Softmax

这部分主要是softmax的loss要如何计算
Assignment From: Assignment1

目标

implement a fully-vectorized loss function for the Softmax classifier
implement the fully-vectorized expression for its analytic gradient
check your implementation with numerical gradient
use a validation set to tune the learning rate and regularization strength
optimize the loss function with SGD
visualize the final learned weights

预处理（和之前一样（

载入数据
初始化数据
- 拉长
- normalize
- 分成训练集测试集validation等等

softmax classifier

naive_softmax_loss

中心思想：把得到的score（Wx + b）先exp，然后normalize，最后求-log

输入：

W：大小(D,C)，weights
X：大小(N,D)，输入的mini-batch
y：大小(N,)，标签
reg：regularization的系数

输出：

loss
dW，即改变的gradient

计算loss

先将所有的scores做exp（这一步可以先进行），这样所有的score都会变成正数
然后对不同class的score分别求normalize（虽然说是normalize，实际求的是这个种类的score在所有的score里面所占的比例）
然后将正确的类型所占的比例求log，再求负号，得出来的就是每个图片的loss（这里注意0的log是无穷，计算不出来）
所有图片的loss求和，然后除以图片总数，regularzation，得出来的就是最终的结果

计算dW

可以这样理解
- W是一个参数矩阵，这个矩阵的变化由两个部分组成
  - 第一部分是往什么方向变，这个取决于最后算出来的loss的分布
  - 第二部分是变多少合适，这时候还需要乘一个系数X[i]
- 所以当算出来loss并且y[i] = j的时候，实际上就是这张图正确分类情况下的错误分类的概率，所以W的改变方向应该是这个的反方向
- 这张图的其他class的loss则应该是改变的方向
这样就可以看出来 SVM和softmax的不同之处了
- 对于SVM来说，仅仅通过与0比大小得出一个值，相当于一个0，1的开关，只能根据结果得到一个移动的方向
- 但是对于softmax来说，不仅得到了方向，还得到了这个方向的占比，所以loss越大的数影响就会越大

def svm_loss_naive(W, X, y, reg):
  """
  Structured SVM loss function, naive implementation (with loops).

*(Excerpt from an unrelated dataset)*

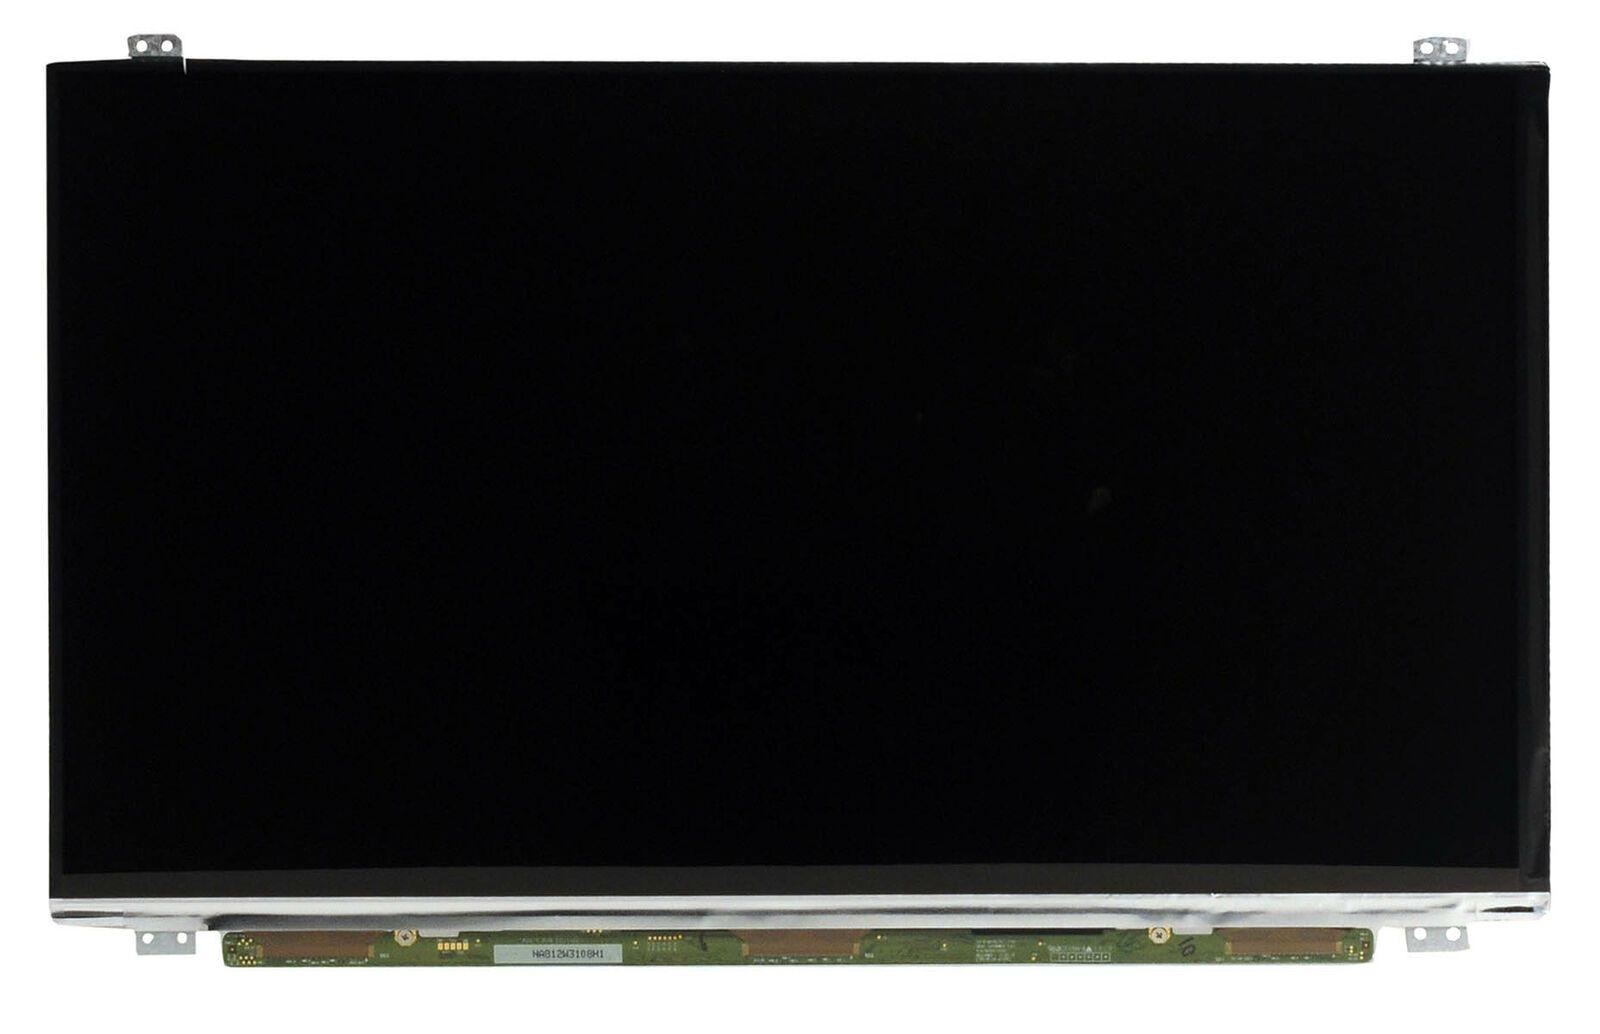 Tela 15.6 Led Slim Para Sony Vaio Sve151j11x L M W  1366x768 - EASY HELP NOTE

  Inputs have dimension D, there are C classes, and we operate on minibatches
  of N examples.

  Inputs:
  - W: A numpy array of shape (D, C) containing weights.
  - X: A numpy array of shape (N, D) containing a minibatch of data.
  - y: A numpy array of shape (N,) containing training labels; y[i] = c means
    that X[i] has label c, where 0 <= c < C.
  - reg: (float) regularization strength

  Returns a tuple of:
  - loss as single float
  - gradient with respect to weights W; an array of same shape as W
  """
  dW = np.zeros(W.shape)  # initialize the gradient as zero

  # compute the loss and the gradient
  num_classes = W.shape[1]
  # 有多少需要训练的个数
  num_train = X.shape[0]
  loss = 0.0
  for i in range(num_train):
    scores = X[i].dot(W)
    correct_class_score = scores[y[i]]
    for j in range(num_classes):
      # 如果这个类型是正确的，那就不用管了
      if j == y[i]:
        continue
      margin = scores[j] - correct_class_score + 1  # note delta = 1
      if margin > 0:
        loss += margin
        dW[:, y[i]] += -X[i]
        dW[:, j] += X[i]

  # Right now the loss is a sum over all training examples, but we want it
  # to be an average instead so we divide by num_train.
  loss /= num_train
  dW /= num_train

  # Add regularization to the loss.
  # reg是lanbda
  loss += reg * np.sum(W * W)
  dW += 2 * reg * W
  #############################################################################
  # TODO:                                                                     #
  # Compute the gradient of the loss function and store it dW.                #
  # Rather that first computing the loss and then computing the derivative,   #
  # it may be simpler to compute the derivative at the same time that the     #
  # loss is being computed. As a result you may need to modify some of the    #
  # code above to compute the gradient.                                       #
  #############################################################################

  return loss, dW

softmax_loss_vectorized提高计算速度

跟svm部分的计算思路一样，直接使用矩阵运算
在求整个score矩阵的变化的时候，正确分类的loss应该被减掉，但是现在是被加上的，所以需要在正确分类的地方加一个-1
debug了很久的地方是：计算dW的时候不需要计算log，因为没有log之前已经是这个loss所占的百分比了：求log是为了变成凸函数，loss没有求log之前并不是凸函数，但是凸函数容易找到最值的优化问问题，所以要求log。但是在计算dW的时候和log没关系

def softmax_loss_vectorized(W, X, y, reg):
  """
  Softmax loss function, vectorized version.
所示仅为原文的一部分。